When I run the following code, the session crashes showing 'Your session crashed after using all available RAM.' error.

import numpy as np
X_train = np.load('Cat_Dog_Classifier/X_train.npy')
Y_train = np.load('Cat_Dog_Classifier/Y_train.npy')
X_test = np.load('Cat_Dog_Classifier/X_test.npy')
Y_test = np.load('Cat_Dog_Classifier/Y_test.npy')

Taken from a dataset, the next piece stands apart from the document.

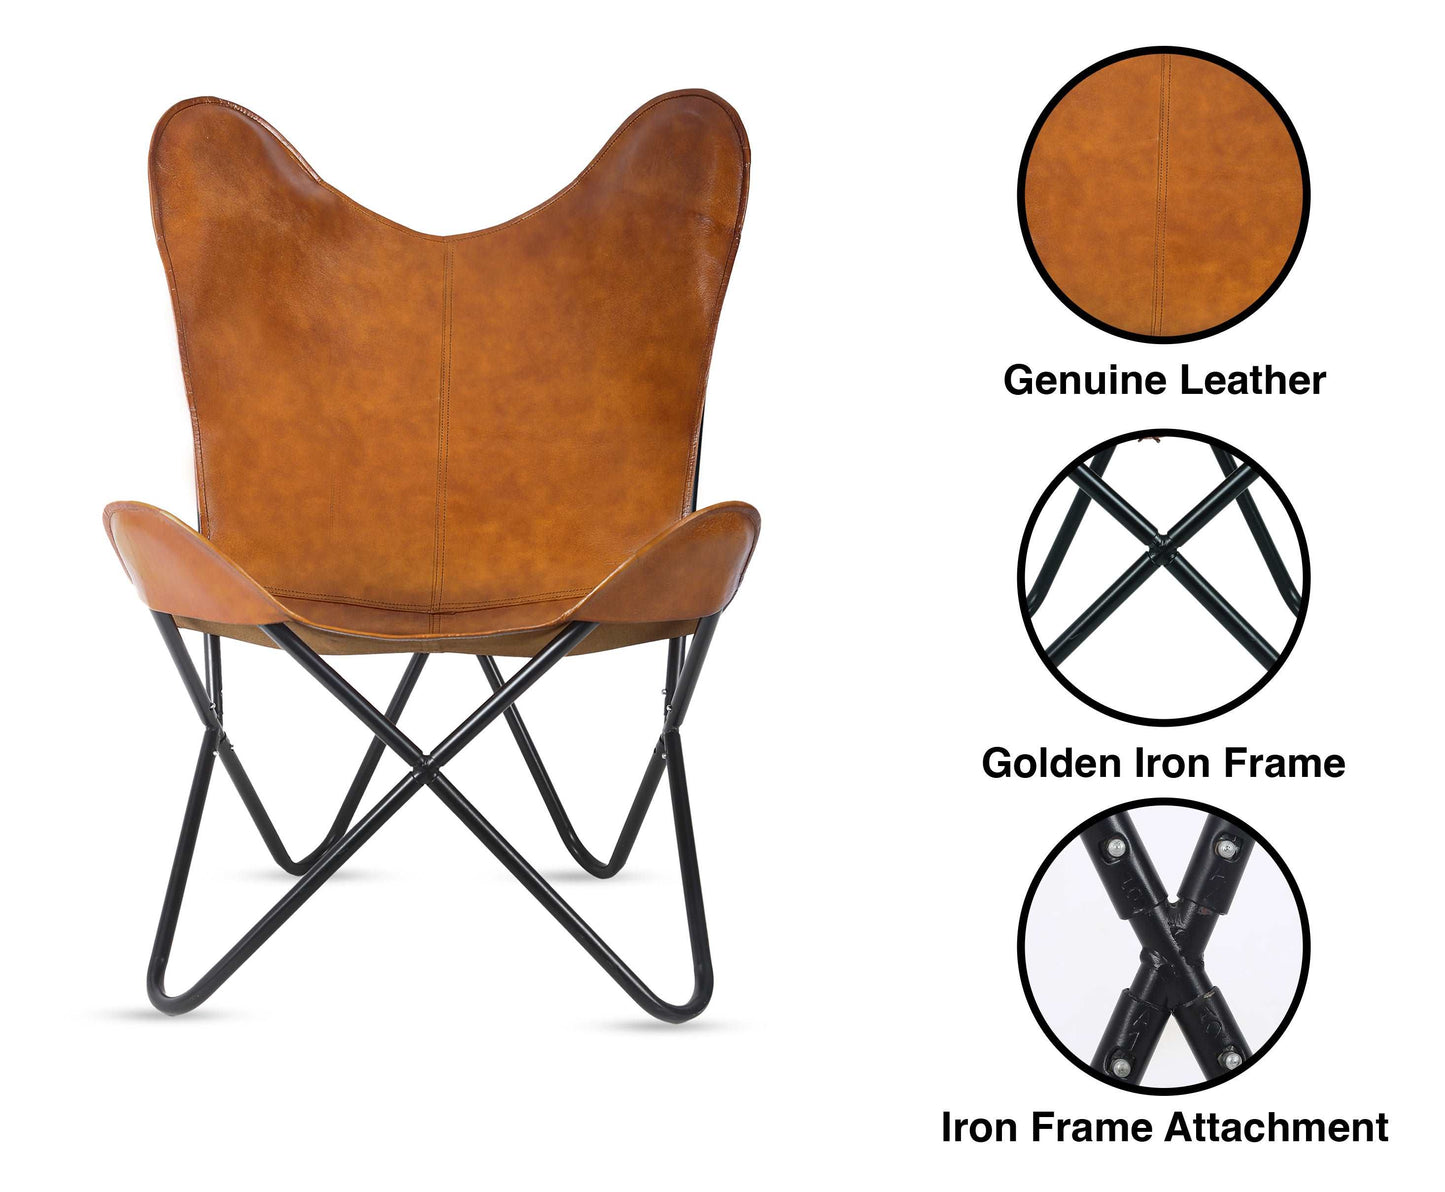 Handmade Leather Living Room Chairs-Butterfly Chair Tan Leather Butterfly Chair-Handmade with Powder Coated Folding Iron Frame

Is there any way to use these 4 files without loading it into the RAM?


Solution

  • You can do this by opening your file as a memory-mapped array.

    For example:

    import sys
    import numpy as np
    
    # Create a npy file
    x = np.random.rand(1000, 1000)
    np.save('mydata.npy', x)
    
    # Load as a normal array
    y = np.load('mydata.npy')
    sys.getsizeof(y)
    # 8000112
    
    # Load as a memory-mapped array
    y = np.load('mydata.npy', mmap_mode='r')
    sys.getsizeof(y)
    # 136
    

    The second array acts like a normal array, but is backed by disk rather than RAM. Be aware that this will cause operations over the arrays to be much slower than normal RAM-backed arrays; often mem-mapping is used to conveniently access portions of the array without having to load the full array into RAM.